> TO DO:
All lines from the one containing "Activists drop a" down to the one containing "Special Edition Chevrolet", both ends included, are to be given again exactly; omit the rest of the listing below.

DATA PROVIDED below:

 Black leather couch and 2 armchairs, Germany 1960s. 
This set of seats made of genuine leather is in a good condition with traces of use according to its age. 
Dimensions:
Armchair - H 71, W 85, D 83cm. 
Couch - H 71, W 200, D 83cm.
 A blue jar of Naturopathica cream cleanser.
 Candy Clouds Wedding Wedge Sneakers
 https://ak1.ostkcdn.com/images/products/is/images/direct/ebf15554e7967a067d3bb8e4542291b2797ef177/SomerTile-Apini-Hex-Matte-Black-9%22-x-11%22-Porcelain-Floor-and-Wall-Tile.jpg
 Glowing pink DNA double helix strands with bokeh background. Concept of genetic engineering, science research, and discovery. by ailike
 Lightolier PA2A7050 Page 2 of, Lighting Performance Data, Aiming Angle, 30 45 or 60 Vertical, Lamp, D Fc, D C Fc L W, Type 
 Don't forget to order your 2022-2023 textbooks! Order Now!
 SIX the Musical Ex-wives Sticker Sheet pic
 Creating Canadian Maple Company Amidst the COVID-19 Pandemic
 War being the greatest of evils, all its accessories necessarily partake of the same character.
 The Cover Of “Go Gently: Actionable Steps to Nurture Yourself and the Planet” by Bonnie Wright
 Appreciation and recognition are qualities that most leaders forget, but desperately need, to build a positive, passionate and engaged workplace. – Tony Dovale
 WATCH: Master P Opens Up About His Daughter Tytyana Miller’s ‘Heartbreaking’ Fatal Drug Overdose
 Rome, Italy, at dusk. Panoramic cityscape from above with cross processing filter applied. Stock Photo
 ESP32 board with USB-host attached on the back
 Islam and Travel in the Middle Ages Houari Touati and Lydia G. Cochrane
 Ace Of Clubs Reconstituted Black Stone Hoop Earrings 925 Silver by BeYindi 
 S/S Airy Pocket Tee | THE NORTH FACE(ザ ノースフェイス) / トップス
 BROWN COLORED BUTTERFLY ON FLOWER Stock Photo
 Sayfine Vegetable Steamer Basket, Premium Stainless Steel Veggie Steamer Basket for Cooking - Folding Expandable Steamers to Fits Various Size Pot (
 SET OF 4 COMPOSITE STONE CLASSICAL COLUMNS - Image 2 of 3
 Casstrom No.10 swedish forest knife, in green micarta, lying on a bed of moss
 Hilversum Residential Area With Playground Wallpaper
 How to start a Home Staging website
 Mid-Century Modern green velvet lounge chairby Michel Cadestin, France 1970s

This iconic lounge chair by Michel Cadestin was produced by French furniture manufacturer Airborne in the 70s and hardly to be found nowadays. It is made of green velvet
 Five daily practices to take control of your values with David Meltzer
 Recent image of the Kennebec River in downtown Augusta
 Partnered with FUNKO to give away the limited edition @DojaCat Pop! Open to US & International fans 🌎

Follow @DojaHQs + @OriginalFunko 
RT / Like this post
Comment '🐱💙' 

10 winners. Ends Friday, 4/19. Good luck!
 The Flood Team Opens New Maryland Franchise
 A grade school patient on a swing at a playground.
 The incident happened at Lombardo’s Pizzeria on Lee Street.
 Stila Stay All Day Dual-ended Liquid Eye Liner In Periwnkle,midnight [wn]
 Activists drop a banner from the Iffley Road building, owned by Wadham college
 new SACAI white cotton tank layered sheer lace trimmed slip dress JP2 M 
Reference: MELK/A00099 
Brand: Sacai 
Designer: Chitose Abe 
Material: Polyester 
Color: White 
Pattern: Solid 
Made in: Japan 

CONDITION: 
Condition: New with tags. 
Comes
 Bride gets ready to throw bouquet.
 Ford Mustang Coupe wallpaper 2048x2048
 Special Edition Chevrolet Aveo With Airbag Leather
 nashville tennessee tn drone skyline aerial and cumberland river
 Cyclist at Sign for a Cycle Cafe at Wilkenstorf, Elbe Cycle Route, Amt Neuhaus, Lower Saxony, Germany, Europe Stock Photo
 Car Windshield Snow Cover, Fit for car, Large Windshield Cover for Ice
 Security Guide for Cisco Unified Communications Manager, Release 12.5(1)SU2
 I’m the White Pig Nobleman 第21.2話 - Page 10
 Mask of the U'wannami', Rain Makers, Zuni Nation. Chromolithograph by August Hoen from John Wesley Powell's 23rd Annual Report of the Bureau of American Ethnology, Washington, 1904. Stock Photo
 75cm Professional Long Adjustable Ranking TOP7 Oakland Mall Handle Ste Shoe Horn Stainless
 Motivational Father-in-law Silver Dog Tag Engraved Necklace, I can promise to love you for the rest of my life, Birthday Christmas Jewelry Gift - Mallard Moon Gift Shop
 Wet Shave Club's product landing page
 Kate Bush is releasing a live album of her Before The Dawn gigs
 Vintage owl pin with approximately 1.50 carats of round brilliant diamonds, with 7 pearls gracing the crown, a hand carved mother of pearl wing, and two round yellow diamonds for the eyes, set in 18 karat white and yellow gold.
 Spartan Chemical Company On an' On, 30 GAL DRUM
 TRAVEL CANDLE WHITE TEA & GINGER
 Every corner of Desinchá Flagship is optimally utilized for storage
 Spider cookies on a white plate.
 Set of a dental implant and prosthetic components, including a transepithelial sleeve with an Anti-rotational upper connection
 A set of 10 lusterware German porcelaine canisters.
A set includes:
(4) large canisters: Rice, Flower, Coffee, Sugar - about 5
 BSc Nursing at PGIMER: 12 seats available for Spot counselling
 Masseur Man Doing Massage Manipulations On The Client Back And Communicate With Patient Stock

End of DATA PROVIDED.

> RESULT FOR THIS TASK:
 Activists drop a banner from the Iffley Road building, owned by Wadham college
 new SACAI white cotton tank layered sheer lace trimmed slip dress JP2 M 
Reference: MELK/A00099 
Brand: Sacai 
Designer: Chitose Abe 
Material: Polyester 
Color: White 
Pattern: Solid 
Made in: Japan 

CONDITION: 
Condition: New with tags. 
Comes
 Bride gets ready to throw bouquet.
 Ford Mustang Coupe wallpaper 2048x2048
 Special Edition Chevrolet Aveo With Airbag Leather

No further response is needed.